WHAT NEEDS TO BE DONE - If a line of the records holds the word "tapis", copy it out.

++++ DATA LISTING ++++

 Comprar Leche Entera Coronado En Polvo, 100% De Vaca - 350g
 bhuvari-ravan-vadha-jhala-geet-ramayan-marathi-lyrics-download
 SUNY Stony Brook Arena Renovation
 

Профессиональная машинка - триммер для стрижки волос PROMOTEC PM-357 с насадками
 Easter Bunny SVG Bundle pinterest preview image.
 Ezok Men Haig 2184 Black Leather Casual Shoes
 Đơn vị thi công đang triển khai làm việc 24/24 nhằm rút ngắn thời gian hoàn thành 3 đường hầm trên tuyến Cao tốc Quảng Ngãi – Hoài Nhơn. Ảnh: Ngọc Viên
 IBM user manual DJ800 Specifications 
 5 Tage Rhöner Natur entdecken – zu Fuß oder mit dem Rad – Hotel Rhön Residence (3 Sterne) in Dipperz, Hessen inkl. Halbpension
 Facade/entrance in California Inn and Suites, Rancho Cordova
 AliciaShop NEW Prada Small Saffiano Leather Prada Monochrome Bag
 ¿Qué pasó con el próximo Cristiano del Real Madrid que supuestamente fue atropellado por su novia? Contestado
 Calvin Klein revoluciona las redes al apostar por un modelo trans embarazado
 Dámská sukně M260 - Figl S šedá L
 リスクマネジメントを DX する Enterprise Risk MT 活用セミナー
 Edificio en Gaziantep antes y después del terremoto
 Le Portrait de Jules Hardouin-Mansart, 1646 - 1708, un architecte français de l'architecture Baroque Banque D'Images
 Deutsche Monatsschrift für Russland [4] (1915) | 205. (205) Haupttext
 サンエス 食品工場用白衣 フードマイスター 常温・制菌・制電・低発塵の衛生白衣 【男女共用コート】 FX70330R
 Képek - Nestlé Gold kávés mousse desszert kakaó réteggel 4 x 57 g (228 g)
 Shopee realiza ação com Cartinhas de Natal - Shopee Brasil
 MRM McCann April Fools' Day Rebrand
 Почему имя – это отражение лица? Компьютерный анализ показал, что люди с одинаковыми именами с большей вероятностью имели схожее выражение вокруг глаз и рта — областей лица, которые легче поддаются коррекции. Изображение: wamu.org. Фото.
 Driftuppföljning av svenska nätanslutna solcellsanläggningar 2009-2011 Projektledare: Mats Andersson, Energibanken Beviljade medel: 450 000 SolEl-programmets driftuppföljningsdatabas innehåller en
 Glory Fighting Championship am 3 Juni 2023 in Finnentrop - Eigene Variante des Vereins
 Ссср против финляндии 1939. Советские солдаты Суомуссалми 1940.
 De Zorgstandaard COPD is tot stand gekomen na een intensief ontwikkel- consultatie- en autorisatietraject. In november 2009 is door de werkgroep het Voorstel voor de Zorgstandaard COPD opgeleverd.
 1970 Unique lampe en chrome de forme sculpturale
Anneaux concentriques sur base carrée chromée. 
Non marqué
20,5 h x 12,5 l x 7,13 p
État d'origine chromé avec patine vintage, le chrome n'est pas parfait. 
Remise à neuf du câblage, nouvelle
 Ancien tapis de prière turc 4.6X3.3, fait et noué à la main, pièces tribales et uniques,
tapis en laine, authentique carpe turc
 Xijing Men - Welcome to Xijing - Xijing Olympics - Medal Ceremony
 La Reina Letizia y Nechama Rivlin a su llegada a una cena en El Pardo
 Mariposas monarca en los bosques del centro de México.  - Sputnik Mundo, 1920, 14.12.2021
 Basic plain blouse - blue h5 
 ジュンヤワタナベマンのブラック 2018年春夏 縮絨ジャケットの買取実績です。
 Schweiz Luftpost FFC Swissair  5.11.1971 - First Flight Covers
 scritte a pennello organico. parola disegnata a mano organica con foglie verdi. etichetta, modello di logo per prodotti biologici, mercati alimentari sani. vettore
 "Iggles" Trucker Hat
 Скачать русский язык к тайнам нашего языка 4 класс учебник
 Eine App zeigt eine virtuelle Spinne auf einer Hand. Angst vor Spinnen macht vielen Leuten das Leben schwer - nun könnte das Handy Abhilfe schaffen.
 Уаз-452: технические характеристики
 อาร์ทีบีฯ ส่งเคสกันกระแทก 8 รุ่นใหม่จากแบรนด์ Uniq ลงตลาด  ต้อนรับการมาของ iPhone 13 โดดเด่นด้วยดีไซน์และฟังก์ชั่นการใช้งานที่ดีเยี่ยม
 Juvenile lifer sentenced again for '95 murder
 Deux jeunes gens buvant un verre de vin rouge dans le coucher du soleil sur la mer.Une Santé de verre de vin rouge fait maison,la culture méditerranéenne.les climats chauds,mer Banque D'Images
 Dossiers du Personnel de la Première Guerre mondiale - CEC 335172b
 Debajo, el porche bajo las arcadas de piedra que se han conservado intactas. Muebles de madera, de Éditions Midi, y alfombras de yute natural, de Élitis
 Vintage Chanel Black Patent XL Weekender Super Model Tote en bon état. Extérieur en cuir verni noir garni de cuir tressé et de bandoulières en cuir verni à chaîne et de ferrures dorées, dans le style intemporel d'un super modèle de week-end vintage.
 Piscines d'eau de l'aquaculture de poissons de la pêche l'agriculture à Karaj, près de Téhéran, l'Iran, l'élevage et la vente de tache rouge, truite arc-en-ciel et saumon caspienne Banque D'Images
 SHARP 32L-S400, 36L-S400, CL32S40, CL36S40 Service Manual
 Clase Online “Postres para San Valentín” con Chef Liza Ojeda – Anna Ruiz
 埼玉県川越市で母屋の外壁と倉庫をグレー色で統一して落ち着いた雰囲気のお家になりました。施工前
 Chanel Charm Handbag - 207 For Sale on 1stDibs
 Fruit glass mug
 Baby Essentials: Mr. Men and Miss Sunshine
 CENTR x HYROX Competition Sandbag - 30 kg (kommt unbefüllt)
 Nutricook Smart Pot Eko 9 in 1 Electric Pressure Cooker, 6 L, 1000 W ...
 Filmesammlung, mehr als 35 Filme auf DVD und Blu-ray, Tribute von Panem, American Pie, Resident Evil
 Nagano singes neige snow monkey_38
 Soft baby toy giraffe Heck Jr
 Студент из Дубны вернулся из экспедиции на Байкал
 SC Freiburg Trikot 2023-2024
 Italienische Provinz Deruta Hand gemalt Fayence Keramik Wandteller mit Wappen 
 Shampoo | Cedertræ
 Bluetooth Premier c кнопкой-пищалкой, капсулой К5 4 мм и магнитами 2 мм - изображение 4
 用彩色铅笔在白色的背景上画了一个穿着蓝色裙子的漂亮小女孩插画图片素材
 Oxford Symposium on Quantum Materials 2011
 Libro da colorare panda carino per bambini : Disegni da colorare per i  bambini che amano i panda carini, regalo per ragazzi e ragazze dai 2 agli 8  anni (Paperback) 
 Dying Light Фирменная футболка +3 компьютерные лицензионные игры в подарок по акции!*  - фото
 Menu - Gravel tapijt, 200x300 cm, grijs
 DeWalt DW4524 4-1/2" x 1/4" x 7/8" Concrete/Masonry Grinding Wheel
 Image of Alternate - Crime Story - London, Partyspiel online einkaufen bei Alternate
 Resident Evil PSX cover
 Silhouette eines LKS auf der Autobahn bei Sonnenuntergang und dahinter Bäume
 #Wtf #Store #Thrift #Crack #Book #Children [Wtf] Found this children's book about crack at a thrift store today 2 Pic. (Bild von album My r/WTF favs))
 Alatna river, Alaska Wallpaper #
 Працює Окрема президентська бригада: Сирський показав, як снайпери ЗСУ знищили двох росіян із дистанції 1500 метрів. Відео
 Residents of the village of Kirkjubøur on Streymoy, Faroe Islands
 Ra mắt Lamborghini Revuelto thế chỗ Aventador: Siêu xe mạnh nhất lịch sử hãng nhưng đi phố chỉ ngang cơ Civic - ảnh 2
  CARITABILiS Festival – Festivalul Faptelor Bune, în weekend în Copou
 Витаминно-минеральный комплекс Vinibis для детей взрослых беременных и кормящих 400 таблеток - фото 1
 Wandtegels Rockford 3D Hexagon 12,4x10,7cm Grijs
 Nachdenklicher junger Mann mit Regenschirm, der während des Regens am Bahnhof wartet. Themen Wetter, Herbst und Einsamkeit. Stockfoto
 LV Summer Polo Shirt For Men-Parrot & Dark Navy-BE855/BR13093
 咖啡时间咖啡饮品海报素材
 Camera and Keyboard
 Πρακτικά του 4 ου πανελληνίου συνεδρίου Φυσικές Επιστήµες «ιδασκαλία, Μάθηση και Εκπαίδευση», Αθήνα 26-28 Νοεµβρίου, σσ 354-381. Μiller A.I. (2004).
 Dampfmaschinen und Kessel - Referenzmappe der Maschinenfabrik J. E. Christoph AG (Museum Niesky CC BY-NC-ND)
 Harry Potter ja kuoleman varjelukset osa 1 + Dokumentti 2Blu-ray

++++

SOLUTION -
 Ancien tapis de prière turc 4.6X3.3, fait et noué à la main, pièces tribales et uniques,
tapis en laine, authentique carpe turc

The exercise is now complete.